* [PROBLEM DETAILS]: After locating the line with "LGBT, pride, rainbow" in the entries below, output it and each following line up to and including the line with "Adidas Yeezy 350", exactly and without pictures.

* [SOURCE INFORMATION]:
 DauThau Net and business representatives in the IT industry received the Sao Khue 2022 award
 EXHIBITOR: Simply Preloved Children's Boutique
==
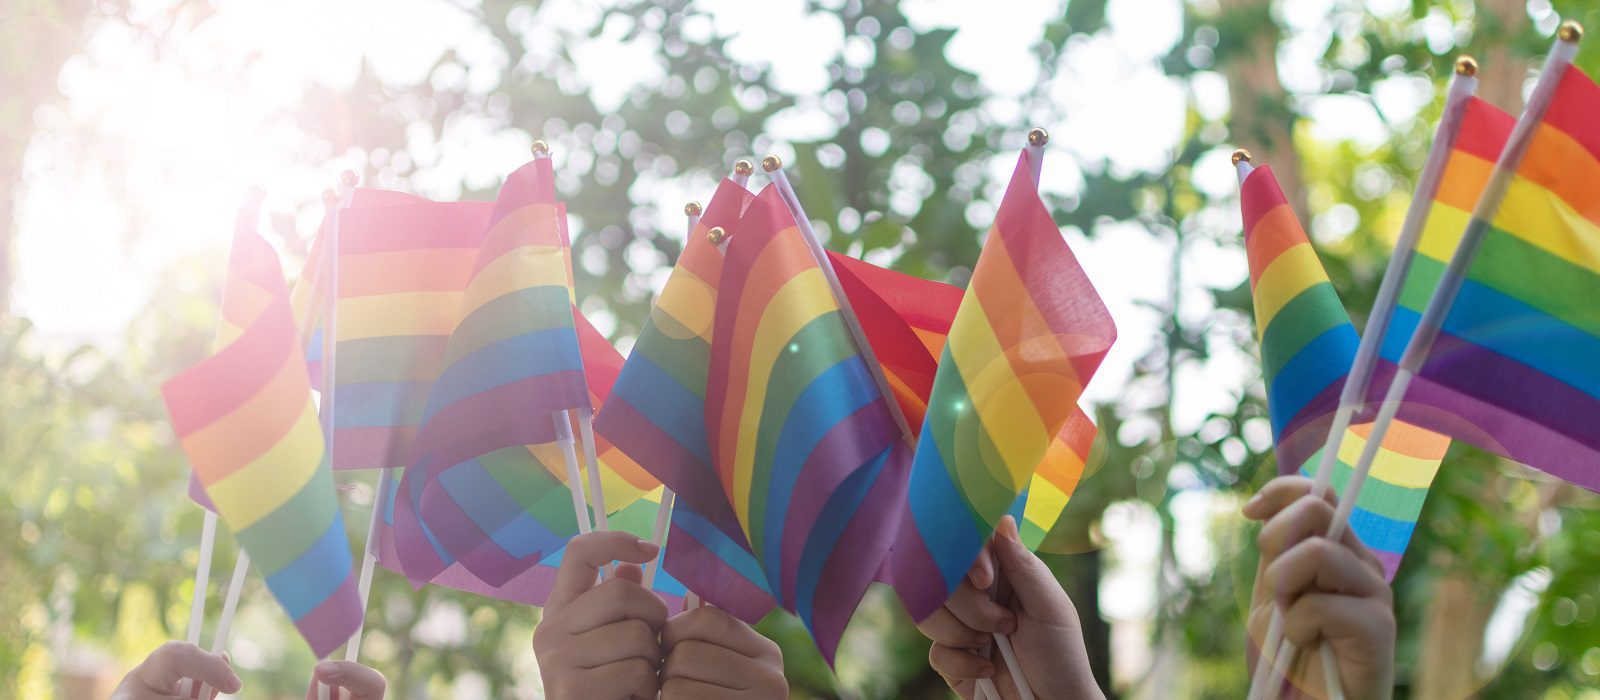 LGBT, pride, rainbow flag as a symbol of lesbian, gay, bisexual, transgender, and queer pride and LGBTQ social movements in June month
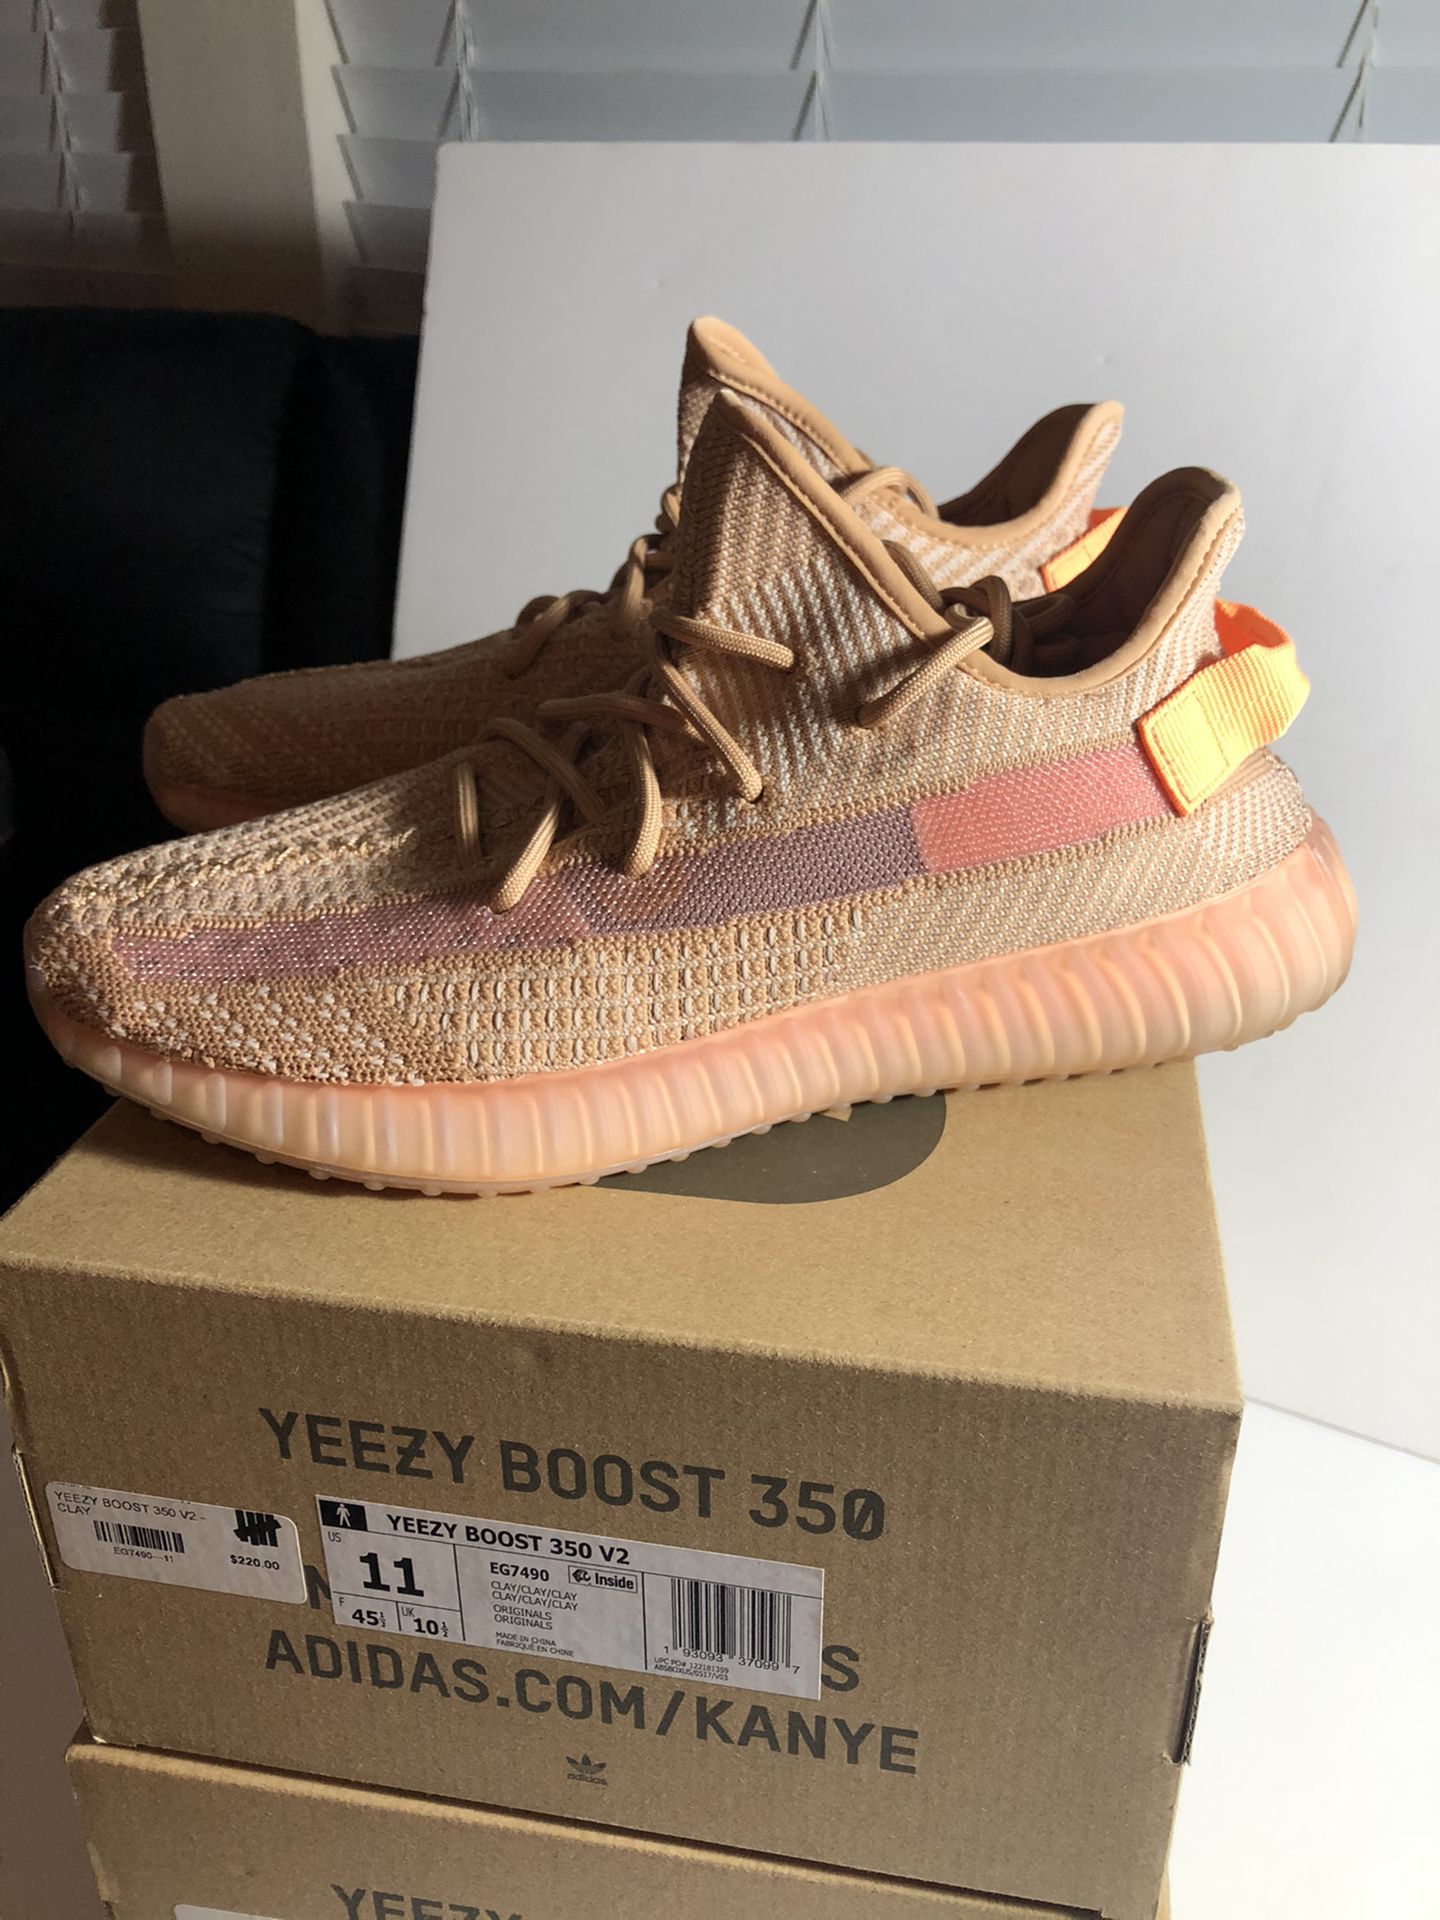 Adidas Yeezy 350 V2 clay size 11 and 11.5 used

* [ANSWER TO THIS TASK]:
 LGBT, pride, rainbow flag as a symbol of lesbian, gay, bisexual, transgender, and queer pride and LGBTQ social movements in June month
 Adidas Yeezy 350 V2 clay size 11 and 11.5 used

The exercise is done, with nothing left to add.